Reference no: EM13769629
Discussing Socrates' speech on Love from the symposium. For a way into our topic, I'm using this piece from a recent publication. It is an excerpt from Rebecca Newberger Goldstein 2014 Book "Plato at the GooglePlex (p.267). The questions for discussion are listed below.
Dear Margo: I'm engaged to a wonderful man, who's highly successful in his field, the same field I'm in. My problem is that my fiancé thinks too highly of me! Somehow he's gotten an inflated view of how talented and brilliant I am, and no matter how banal a suggestion I make, he infuses it with profound insights. Most of the time these insights are really his own, loosely inspired by some half-baked thing I've said. Sometimes he takes ‘my' opinions so seriously that he uses them to challenge his own views, and ends up proclaiming that only ‘I' could have seen through his fallacies.

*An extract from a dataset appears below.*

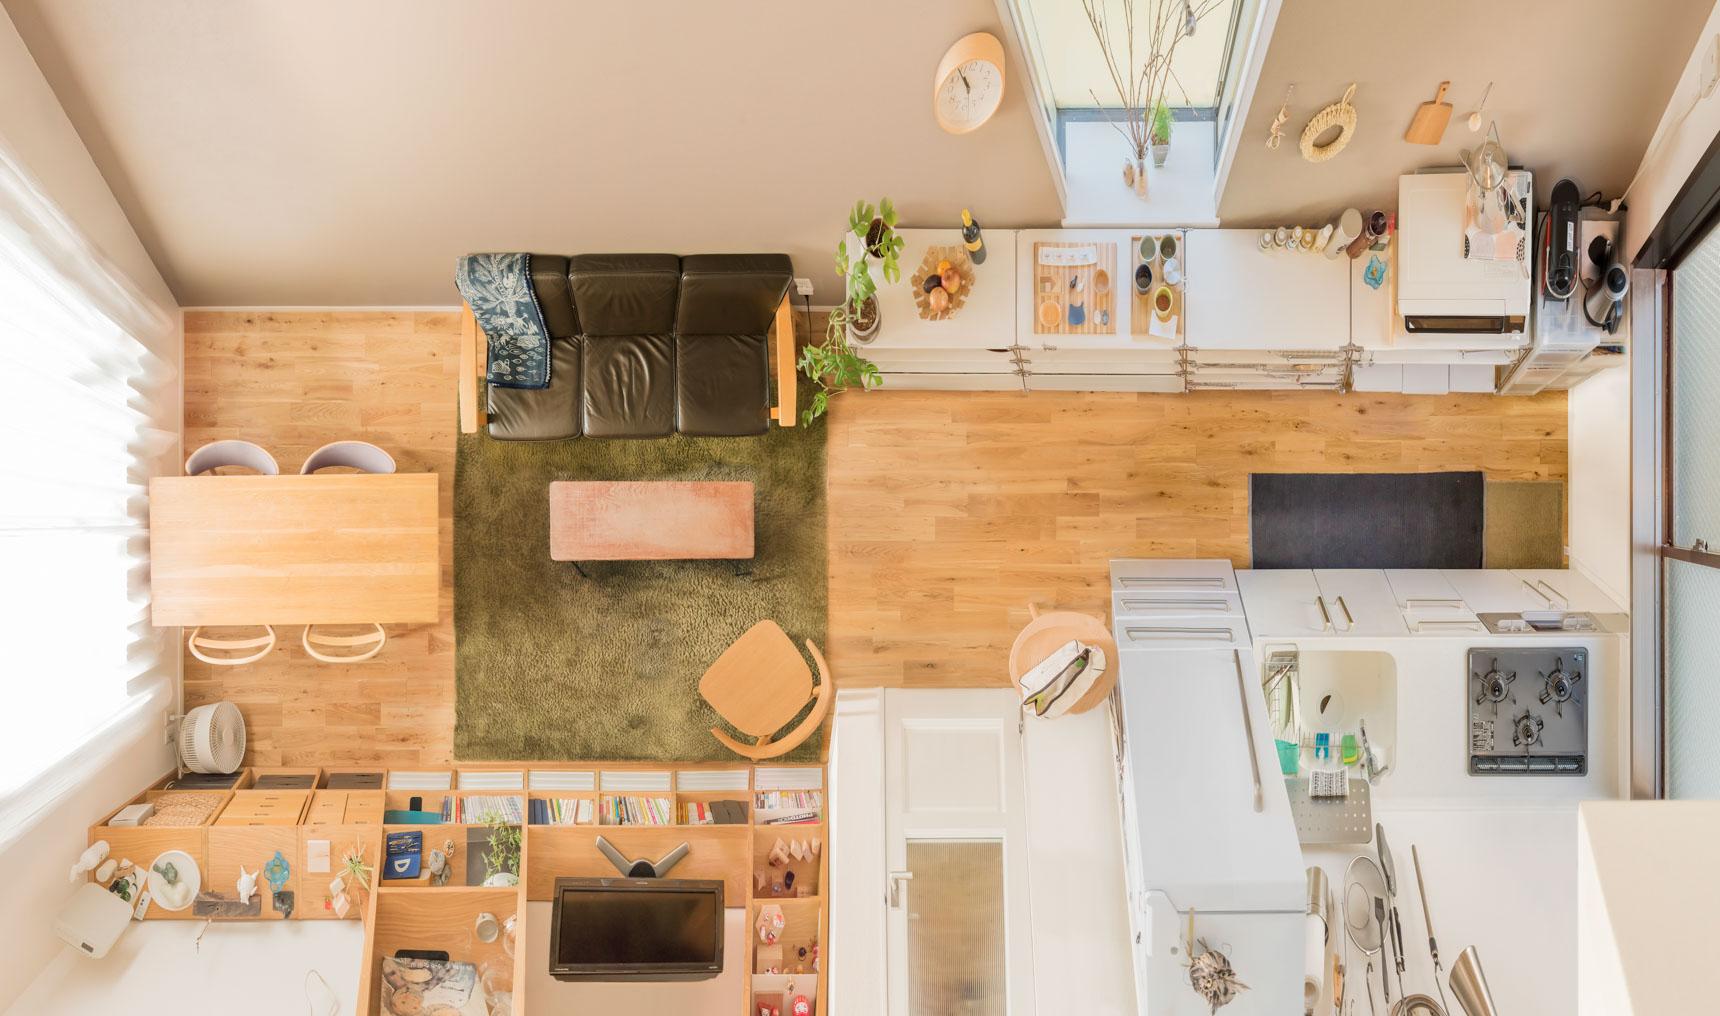 飾るもののひとつひとつが、居心地の良さをつくっていく。木のぬくもりに包まれたふたり暮らしの部屋

All of this makes me nervous, most of all because I think that eventually, after his infatuation wears off, he's going to see me for what I am and feel he's been deceived - which, of course he has been, even if the deception is really self-deception. On the other hand, I have to admit that it feels great to be praised to the skies by someone I so respect. It feels so good, in fact, that I never correct him and just accept the credit and compliments as if I deserved them. What should I do? I love this guy to bits and don't want to lose him - not now and not in the future when his fog of love lifts.
Yours truly,
Teetering on Pedestal
(Rebecca Goldstein, Plato at the GooglePlex, p.267, 2014)
1. How would you respond to this letter if you were Dear Margo?
2. Do love and deception have anything to do with each other? And if so, how can any relationship last?
3. How do you imagine Socrates or Plato might reply with his notion of the ladder of love?